What the task asks:
Your answer should consist only of the lines below from the one with "12 Gunung Paling" through the one with "Saks Mavi Önü", copied exactly.

Dataset records:

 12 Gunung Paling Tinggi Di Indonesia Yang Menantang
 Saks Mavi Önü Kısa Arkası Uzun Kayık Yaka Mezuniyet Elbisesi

==

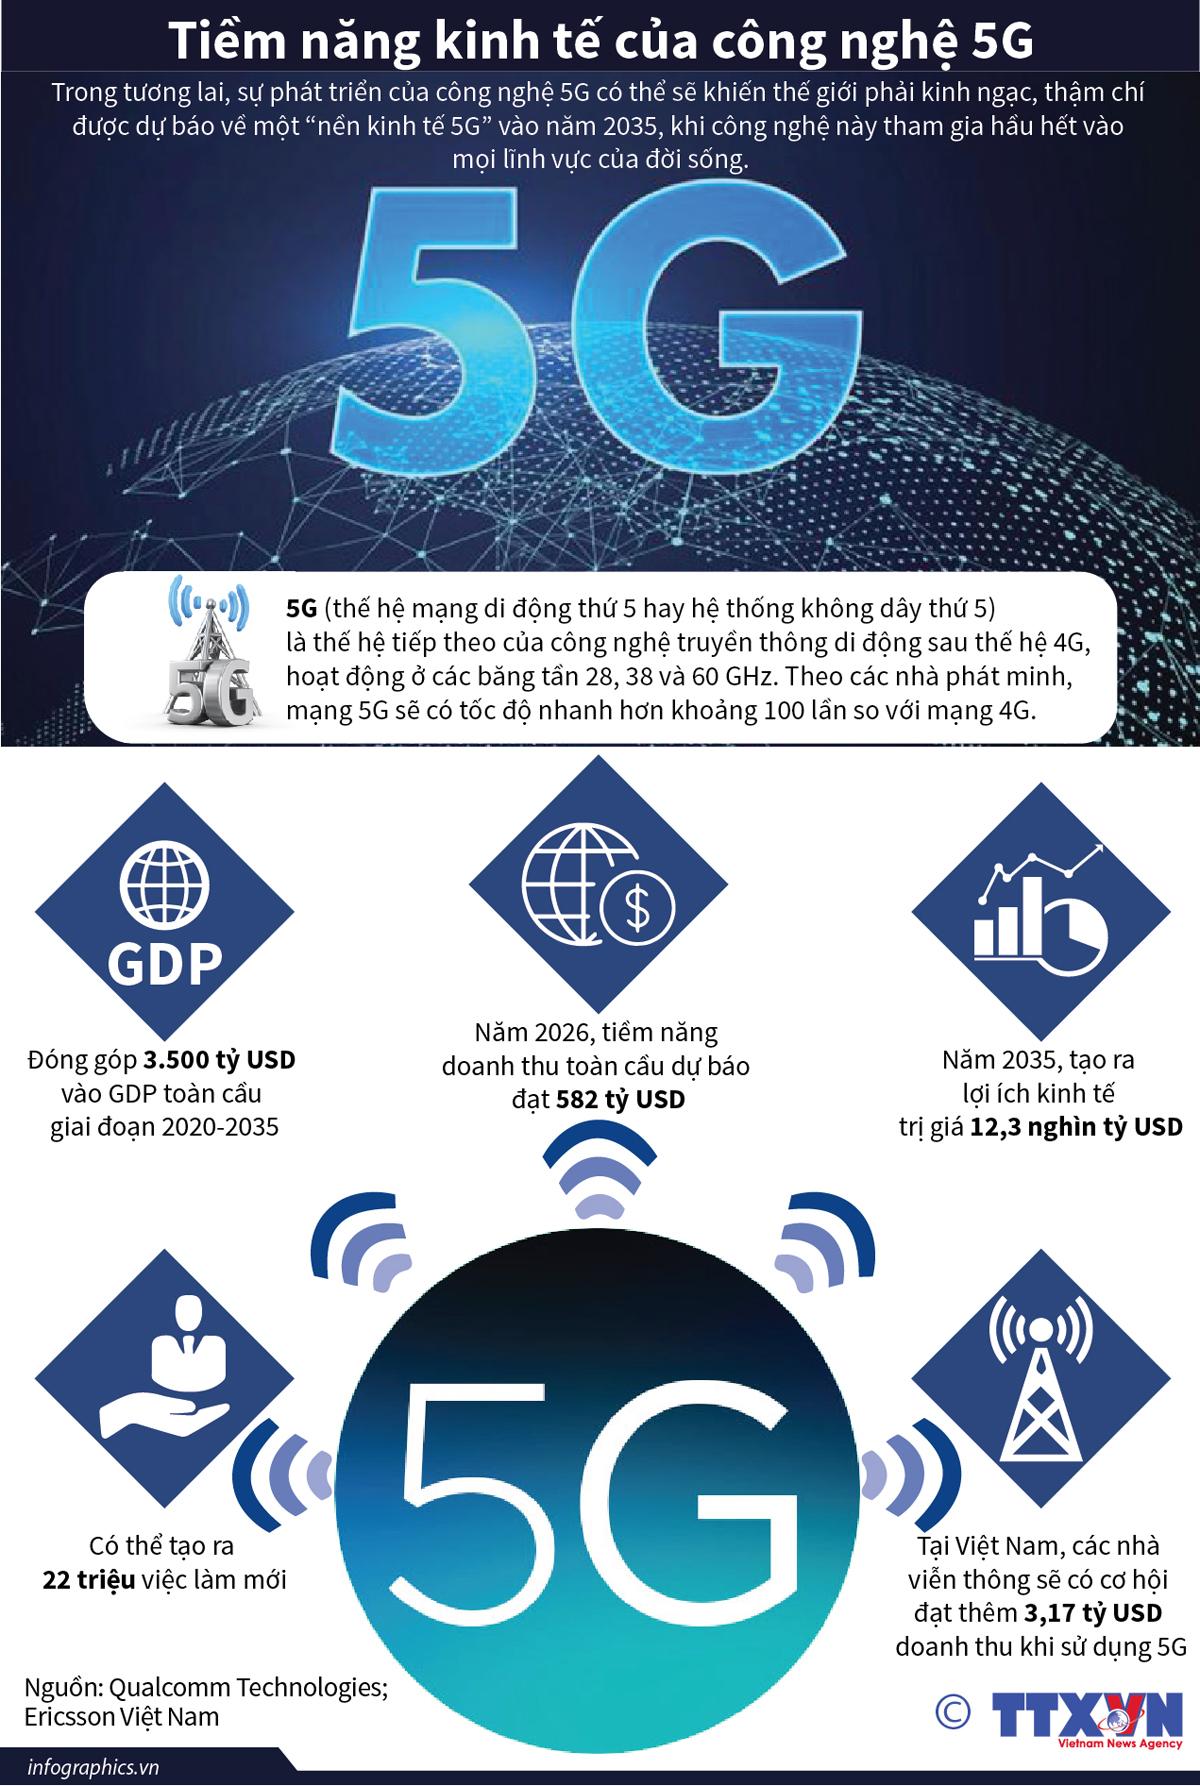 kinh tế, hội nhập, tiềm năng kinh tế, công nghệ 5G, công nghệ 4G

Expected output:
 12 Gunung Paling Tinggi Di Indonesia Yang Menantang
 Saks Mavi Önü Kısa Arkası Uzun Kayık Yaka Mezuniyet Elbisesi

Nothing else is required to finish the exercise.